The exact causes of PND are not known and researchers and healthcare practitioners are still debating and attempting to pinpoint the causes of PND. Some experts suggest that hormones cause PND while others believe it is due to negative mental and societal factors that may even be completely unrelated to the childbirth.

Is It Just The 'Baby Blues?'

The baby blues are very common and estimates are that as many as half of all mothers experience the baby blues symptoms of crying, gloominess, and a minor low mood. Baby blues are considered normal, and likely occur from hormonal changes; they don't usually require any special treatment. If your moods are more severe and last longer than a couple of weeks, however, you should see your doctor to check for PND.

Postnatal Psychosis

Postnatal psychosis is rare and is more likely to occur if you have a previous history of mental illness or if another member of your family has suffered from it. Symptoms do vary but may include:

  • Hearing voices
  • Delusional thoughts
  • Confusion
  • Depression
  • Extreme excitability

It is vital that mothers who may be suffering from symptoms of postnatal psychosis seek treatment immediately.

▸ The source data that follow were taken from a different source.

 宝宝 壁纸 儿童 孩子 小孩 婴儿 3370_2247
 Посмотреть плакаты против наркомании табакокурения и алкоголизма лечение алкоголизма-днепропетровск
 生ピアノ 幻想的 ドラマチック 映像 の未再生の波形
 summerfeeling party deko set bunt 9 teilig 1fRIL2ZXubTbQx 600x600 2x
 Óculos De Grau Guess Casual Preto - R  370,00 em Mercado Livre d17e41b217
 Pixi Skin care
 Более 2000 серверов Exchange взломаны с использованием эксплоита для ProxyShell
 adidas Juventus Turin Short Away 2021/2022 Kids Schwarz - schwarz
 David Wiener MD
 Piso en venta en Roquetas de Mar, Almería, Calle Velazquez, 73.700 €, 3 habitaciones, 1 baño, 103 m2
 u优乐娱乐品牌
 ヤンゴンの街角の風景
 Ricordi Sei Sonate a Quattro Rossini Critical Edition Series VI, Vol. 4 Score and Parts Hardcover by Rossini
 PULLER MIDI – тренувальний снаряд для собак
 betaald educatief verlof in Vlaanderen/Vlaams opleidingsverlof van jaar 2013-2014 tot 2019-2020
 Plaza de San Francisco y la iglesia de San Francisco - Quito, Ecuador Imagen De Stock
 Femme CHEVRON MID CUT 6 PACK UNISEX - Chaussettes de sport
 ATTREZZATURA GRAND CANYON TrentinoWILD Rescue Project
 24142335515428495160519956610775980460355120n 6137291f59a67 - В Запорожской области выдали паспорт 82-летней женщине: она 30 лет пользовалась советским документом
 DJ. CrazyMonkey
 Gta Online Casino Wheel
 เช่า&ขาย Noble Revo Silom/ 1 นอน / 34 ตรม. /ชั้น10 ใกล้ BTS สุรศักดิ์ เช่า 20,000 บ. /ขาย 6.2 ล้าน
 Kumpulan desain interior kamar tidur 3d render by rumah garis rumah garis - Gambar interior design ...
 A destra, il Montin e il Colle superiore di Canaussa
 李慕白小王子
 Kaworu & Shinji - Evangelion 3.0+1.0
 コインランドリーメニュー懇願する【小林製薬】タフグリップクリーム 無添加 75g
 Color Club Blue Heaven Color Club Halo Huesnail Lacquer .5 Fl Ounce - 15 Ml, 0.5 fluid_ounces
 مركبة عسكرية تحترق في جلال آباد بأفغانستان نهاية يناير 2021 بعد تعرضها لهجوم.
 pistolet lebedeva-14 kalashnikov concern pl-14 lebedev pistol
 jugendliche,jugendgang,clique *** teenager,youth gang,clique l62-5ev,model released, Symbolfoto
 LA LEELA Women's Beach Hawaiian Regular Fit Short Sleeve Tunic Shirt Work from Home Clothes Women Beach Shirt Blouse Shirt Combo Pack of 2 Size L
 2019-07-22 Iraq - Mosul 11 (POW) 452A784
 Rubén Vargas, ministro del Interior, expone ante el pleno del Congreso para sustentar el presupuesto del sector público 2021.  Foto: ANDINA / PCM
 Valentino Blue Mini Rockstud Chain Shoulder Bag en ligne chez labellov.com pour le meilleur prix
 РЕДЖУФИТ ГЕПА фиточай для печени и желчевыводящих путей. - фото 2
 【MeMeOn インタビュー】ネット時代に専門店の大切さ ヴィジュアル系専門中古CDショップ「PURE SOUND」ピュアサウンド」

This will allow for prompt diagnosis and treatment, which will likely include psychiatric help.

What Are The Symptoms of PND?

It can be very overwhelming to care for your new baby and you may find you are not as happy and excited as you imagined you would be in your new role as a mother. You may be feeling exhaustion, guilt, and an overall sense of discontentment. Some mothers also experience fear and low self confidence as they think other mothers are dealing with motherhood better.Other symptoms common to PND are:

  • Sleep disturbances
  • Anxiety
  • Irritability
  • Worthlessness
  • Hopelessness
  • Fatigue
  • Appetite changes

What Can I Do If I Have PND?

PND is treatable and is treated in much the same way as typical depression. The first and most important step to take is to see your primary care doctor. Be sure to explain your symptoms in detail, both psychological and physical ones. Your doctor will probably examine you and may order tests to ensure that you don't have any other conditions with similar symptoms. He or she will then likely recommend various treatments, which may include:

  • Directing you to a postnatal support group
  • Referring you to psychotherapy or counselling
  • Medication therapy
  • Mentioning alternative therapies such as aromatherapy

Unfortunately, many mothers worry that by seeking help for depression, they will lose their child. They may also worry that their parenting skills are poor and that by speaking to their doctor about their depression, they will have their child taken from them. This, however, is not the case. By addressing your PND, you will be better equipped to handle the challenges of being a mother. Some of the things you can do at home to manage your PMD are:

  • Get plenty of sleep: If you can, try to ask a partner, family member or friend to watch baby so that you can get some much needed rest.

  • Eat a healthy and balanced diet: Not only will this aid in keeping up energy levels, but certain vitamin and mineral deficiencies have been linked to depression and anxiety.

  • Talk to someone you trust about your feelings: Keeping things bottled up inside can leave you feeling more isolated and alone with your PND.

  • Try to reduce other commitments and chores: While increasing social 'mummy' time with friends. Your needs are important and you should regularly try to do an activity that you enjoy.

Remember that the baby blues are normal and common. If your feelings of sadness are particularly intense and persistent, however, combined with a struggle to function on a day-to-day basis, you should see your doctor to check for PND. By treating your PND now and preventing symptoms from worsening, you can enjoy your time as a new mother.